■ Given material:
# # # #
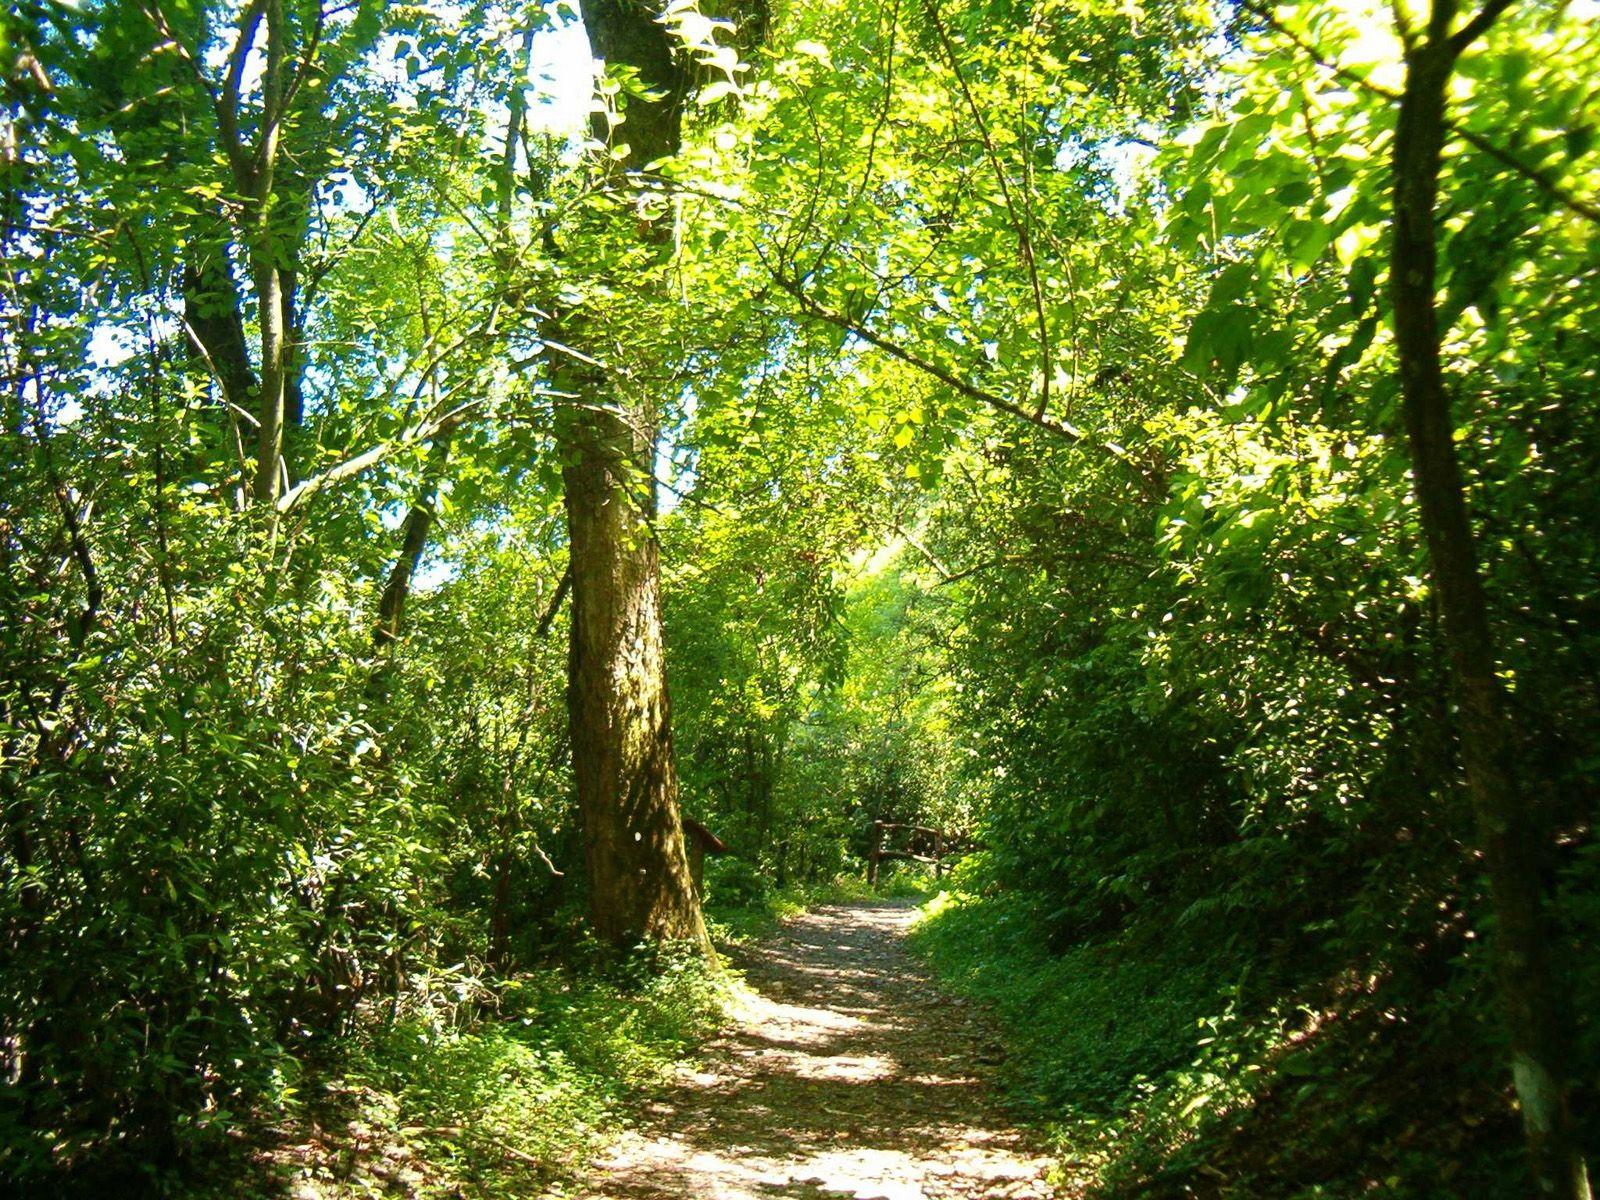 propositions votées en matière investissement forestier et rural lors du 114ème congrès des notaires en France
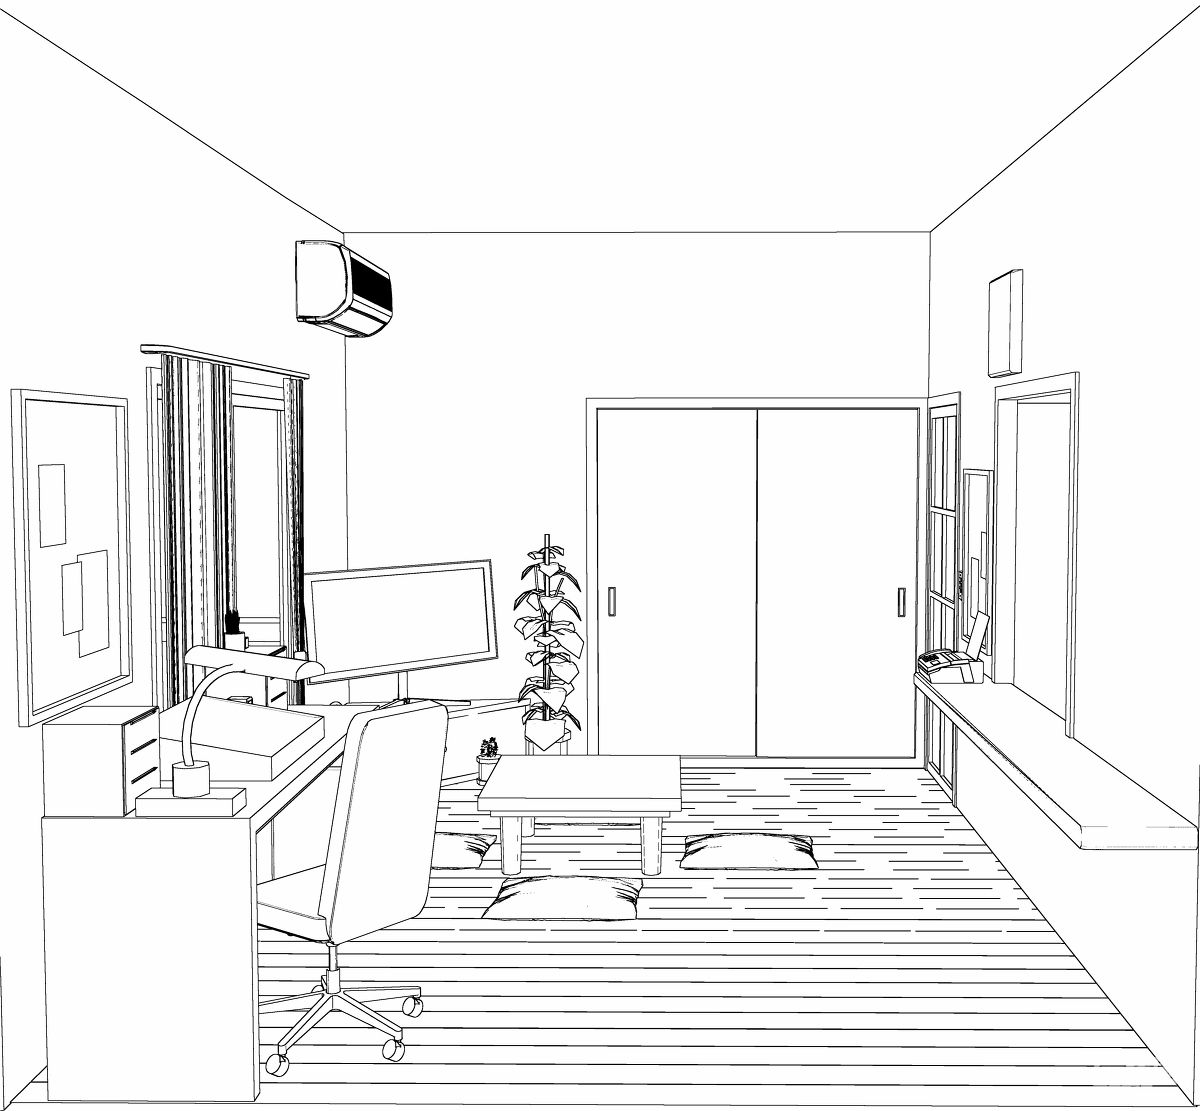 大理石地板房间设计图展示
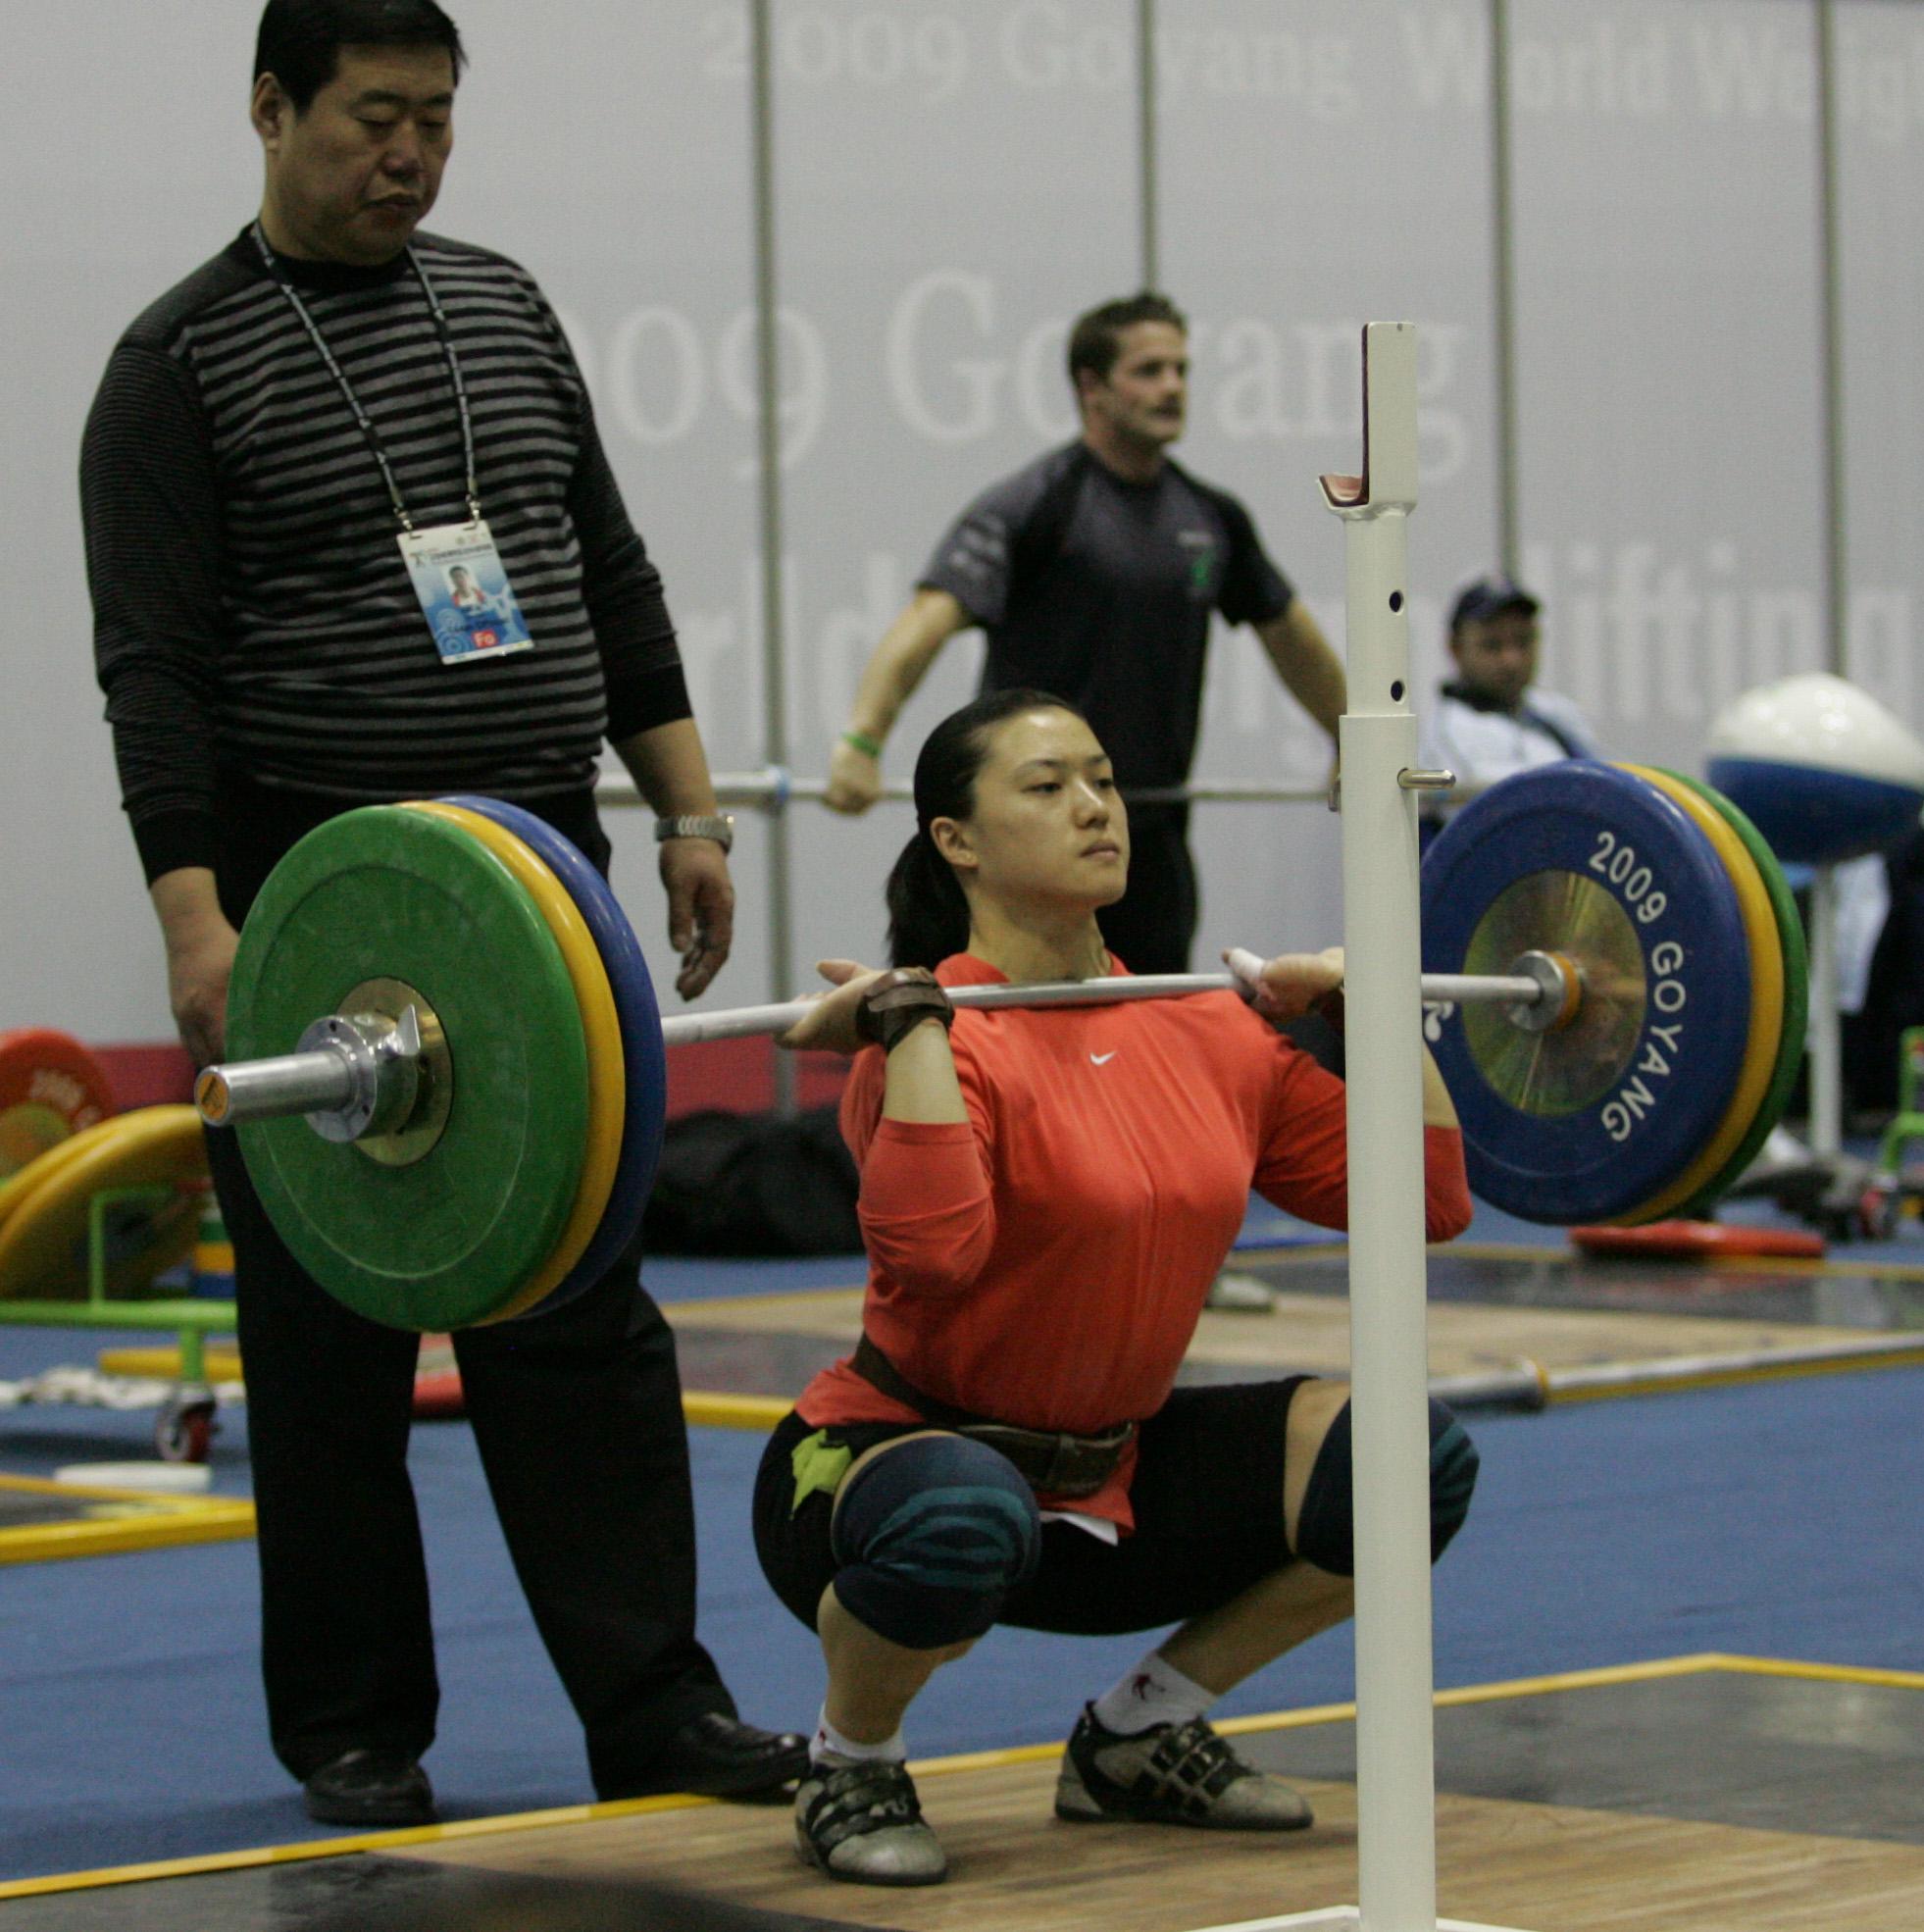 CAO Lei squatting
# # # #
■ What to do: The listing above is to be retyped exactly, with all pictures left out.

■ Problem solution:
 propositions votées en matière investissement forestier et rural lors du 114ème congrès des notaires en France
 大理石地板房间设计图展示
 CAO Lei squatting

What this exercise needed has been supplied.